§ INPUT DATA
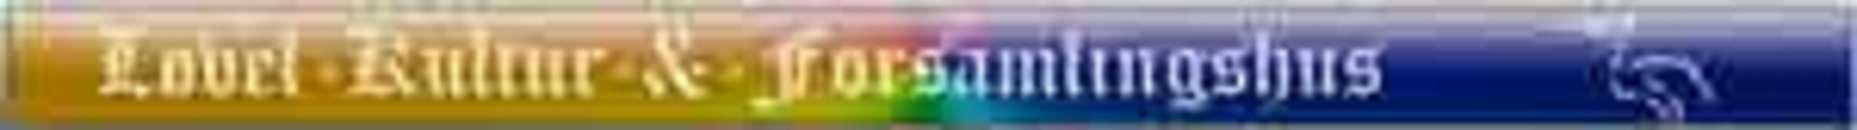 Løvel Kultur og Forsamlingshus logo
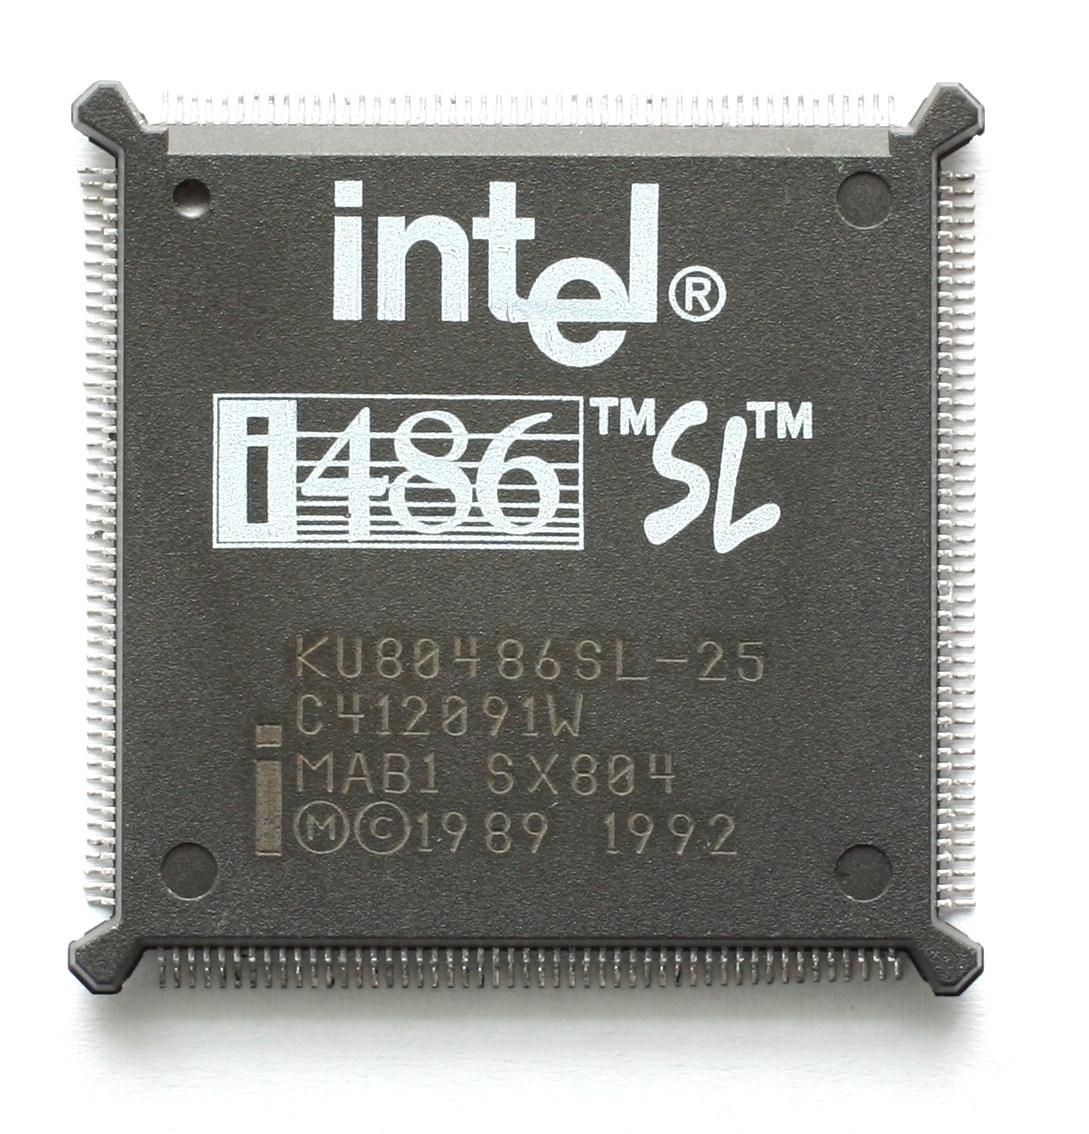 Intel 80486sl Wikipedia
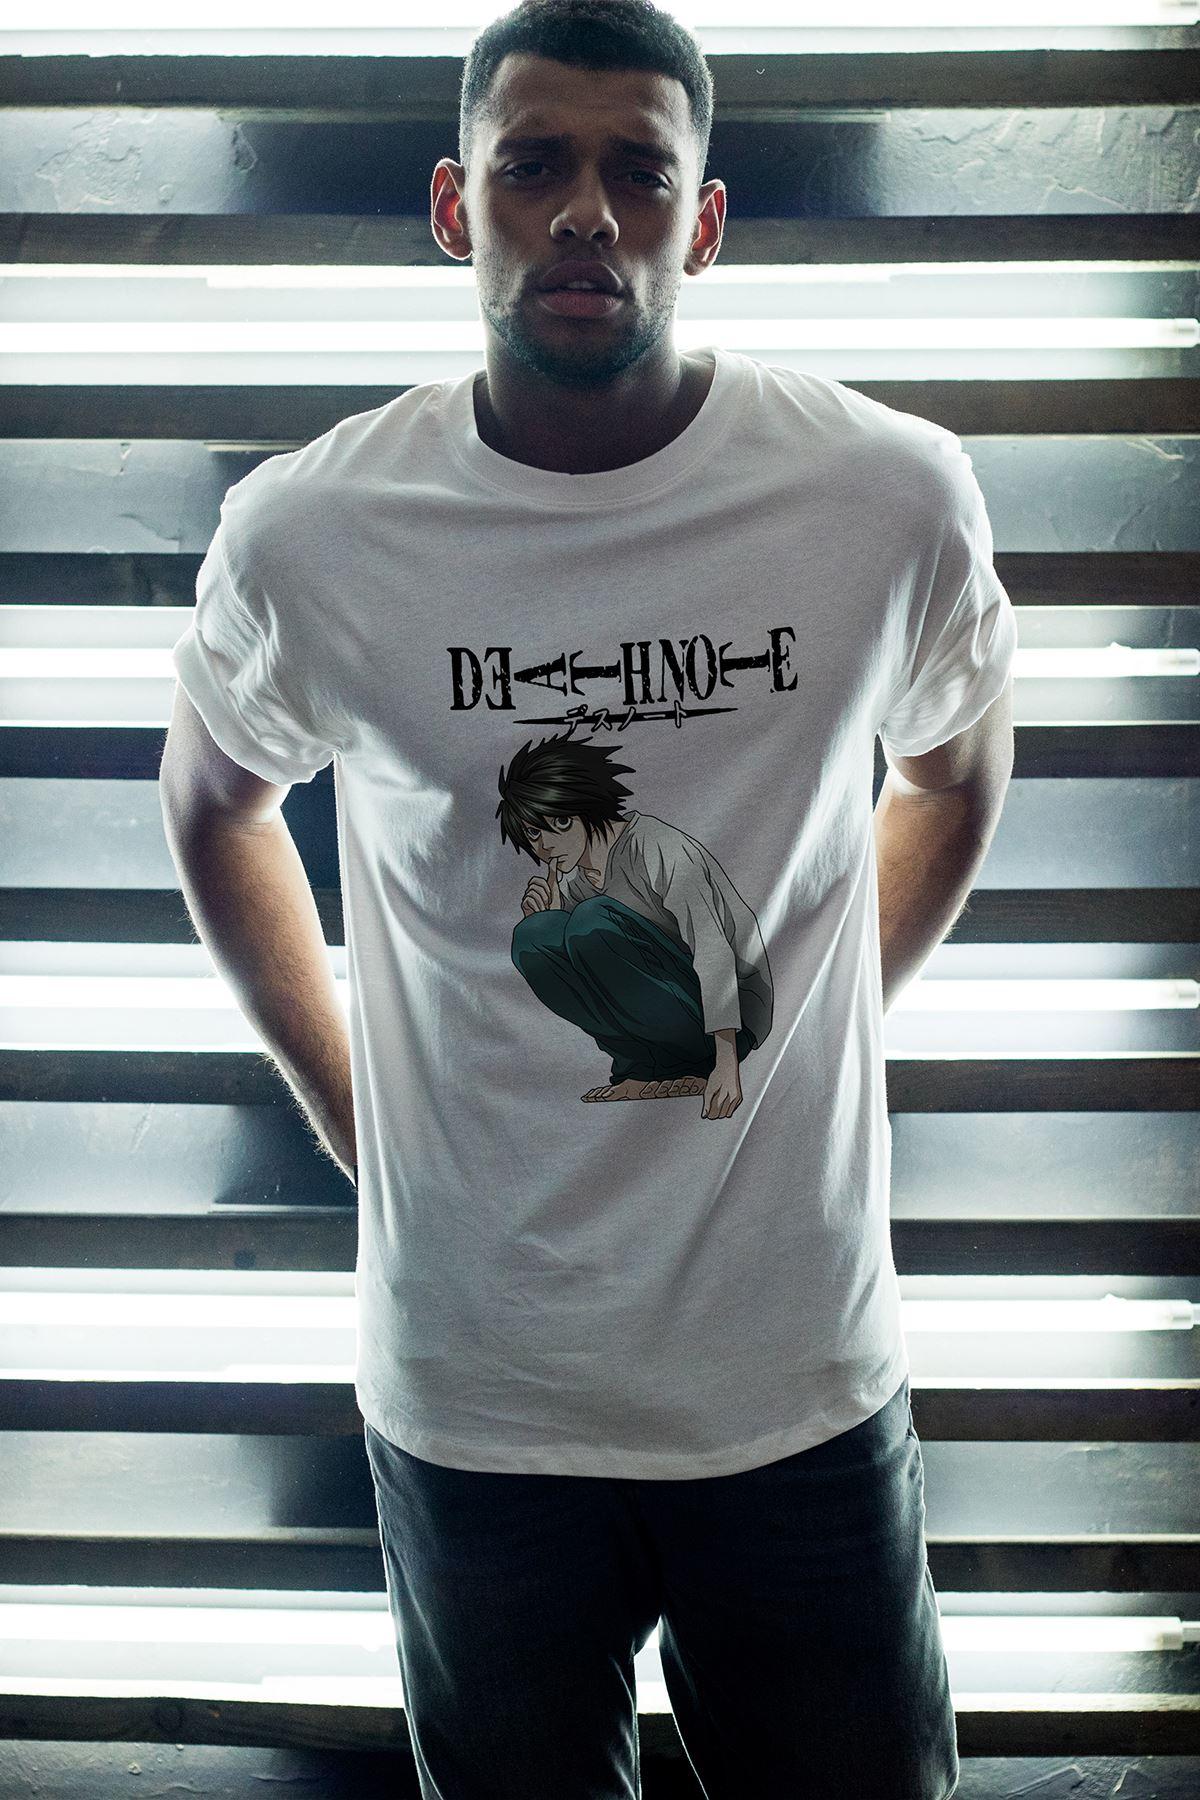 Anime Death Note 03 Beyaz Erkek Oversize Tshirt - Tişört
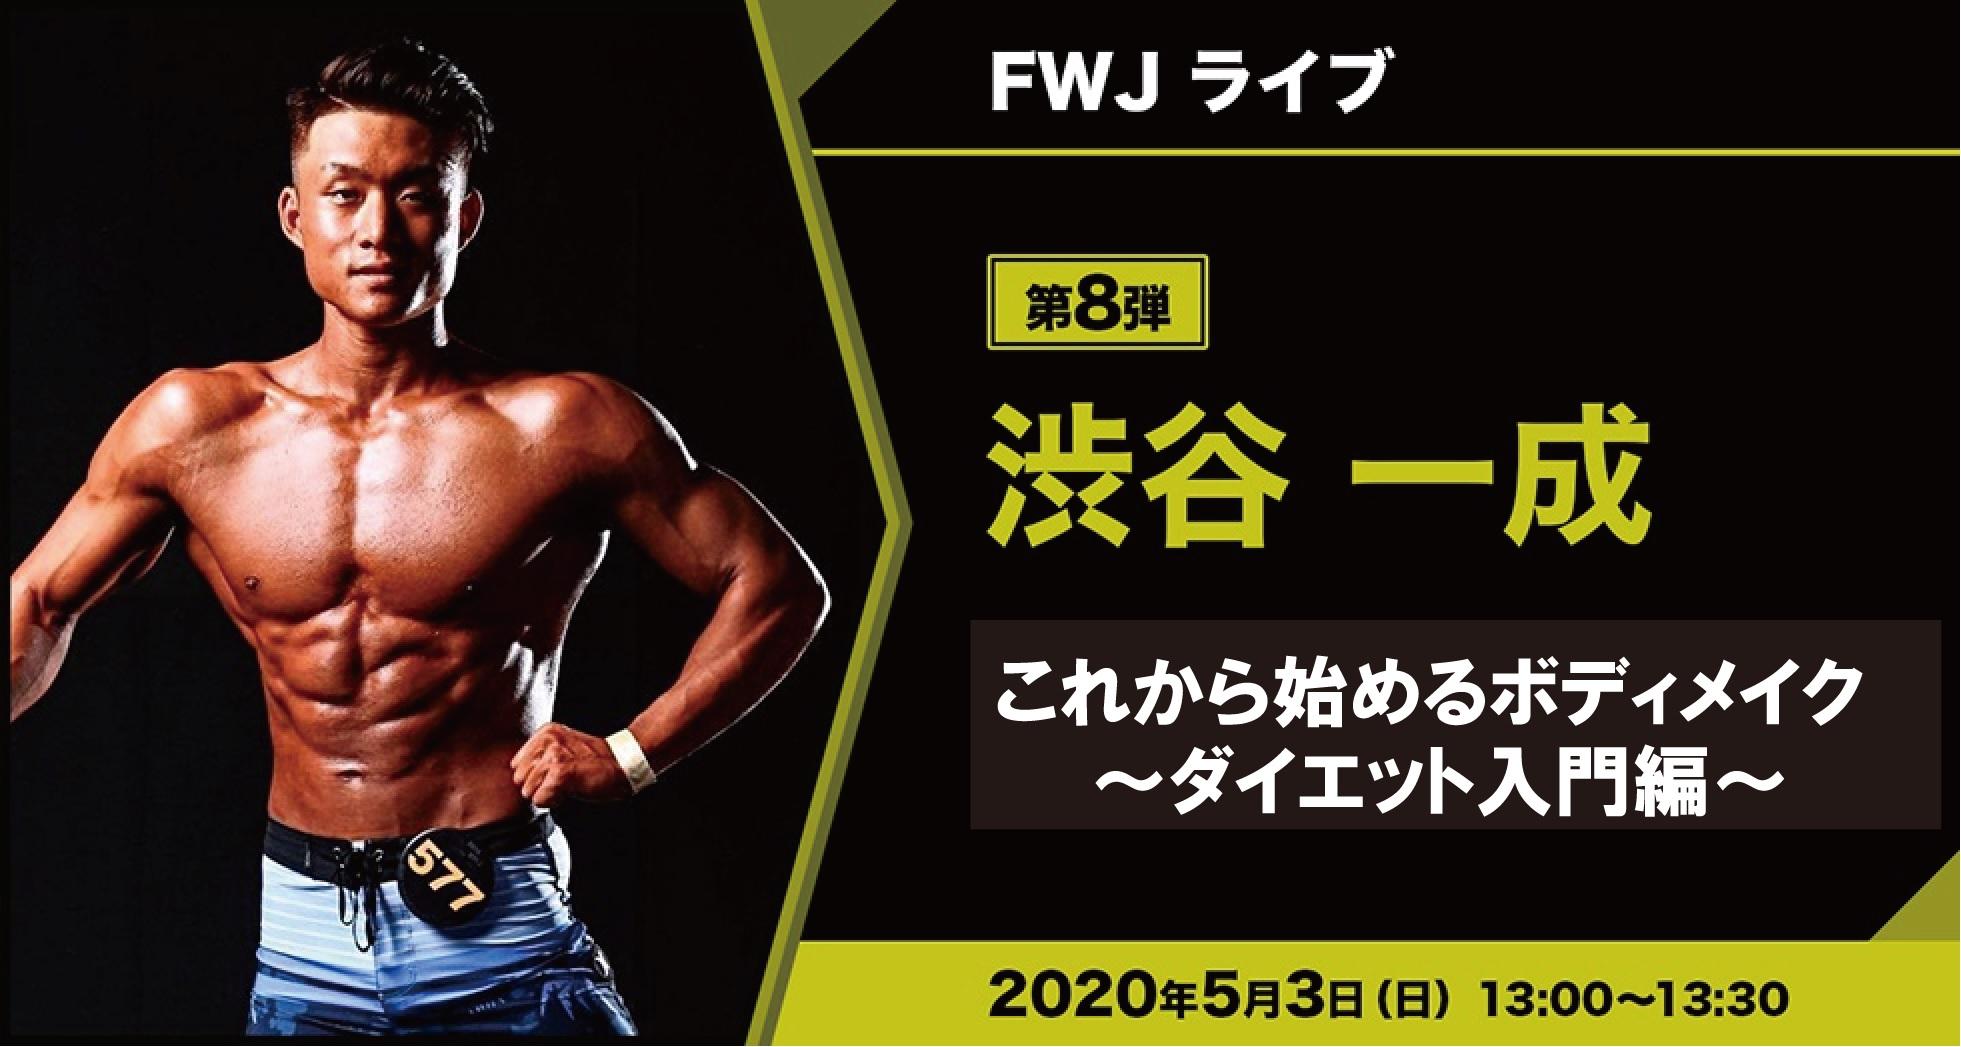 FWJライブ第8弾「渋谷 一成」これから始めるボディメイク~ダイエット入門編~
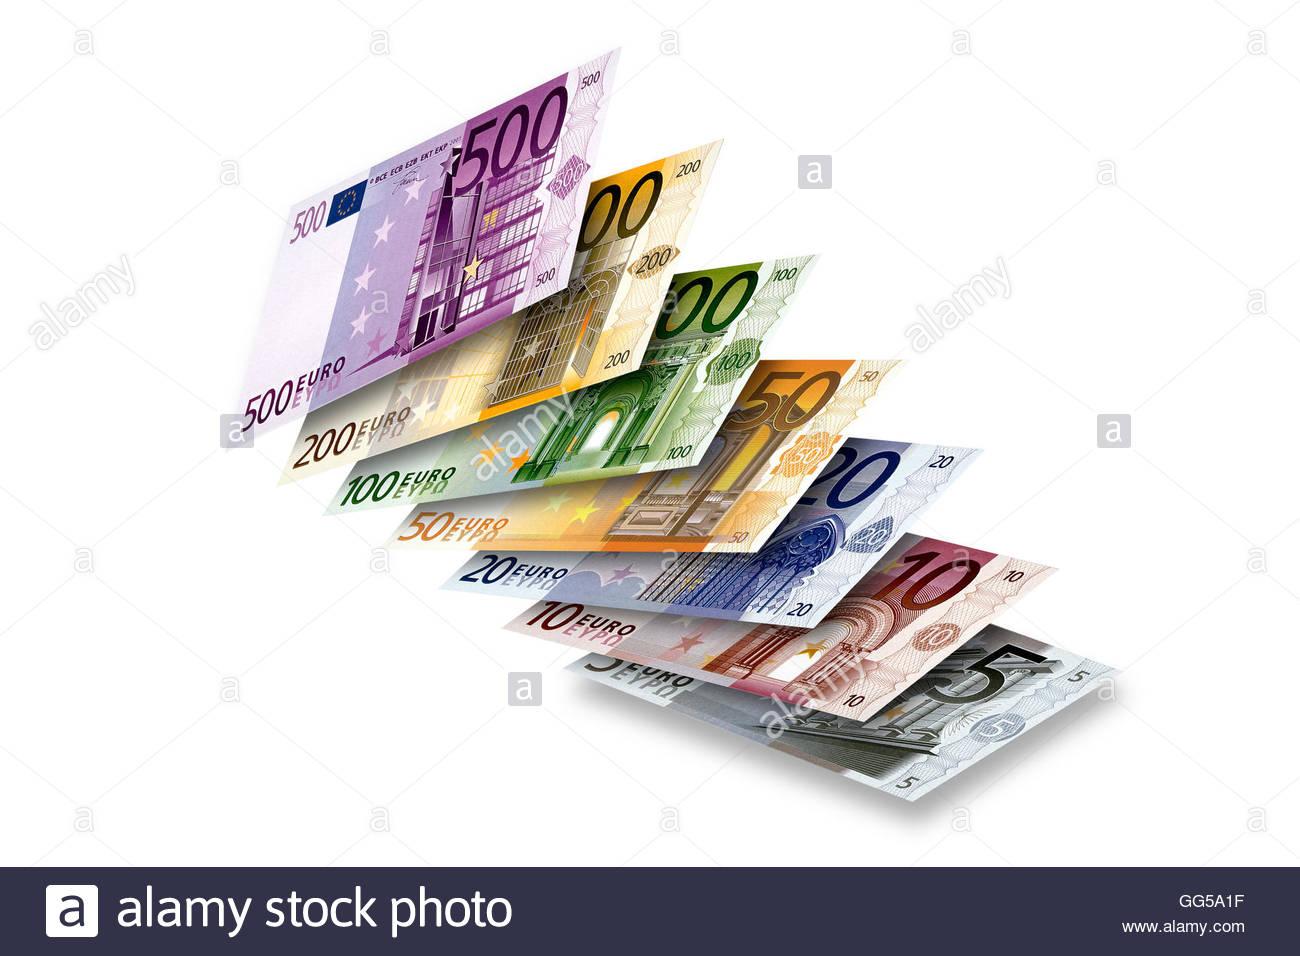 Foto von 5 bis 500 Euro-Banknoten Kaskadierung nach oben von der Oberfläche. Stockbild

§ TASK DETAILS
The output should be the lines from the one with "Anime Death Note" through the end of the material above, both ends included, printed exactly and nothing else. Drop the pictures.

§ RESPONSE TO THE EXERCISE
 Anime Death Note 03 Beyaz Erkek Oversize Tshirt - Tişört
 FWJライブ第8弾「渋谷 一成」これから始めるボディメイク~ダイエット入門編~
 Foto von 5 bis 500 Euro-Banknoten Kaskadierung nach oben von der Oberfläche. Stockbild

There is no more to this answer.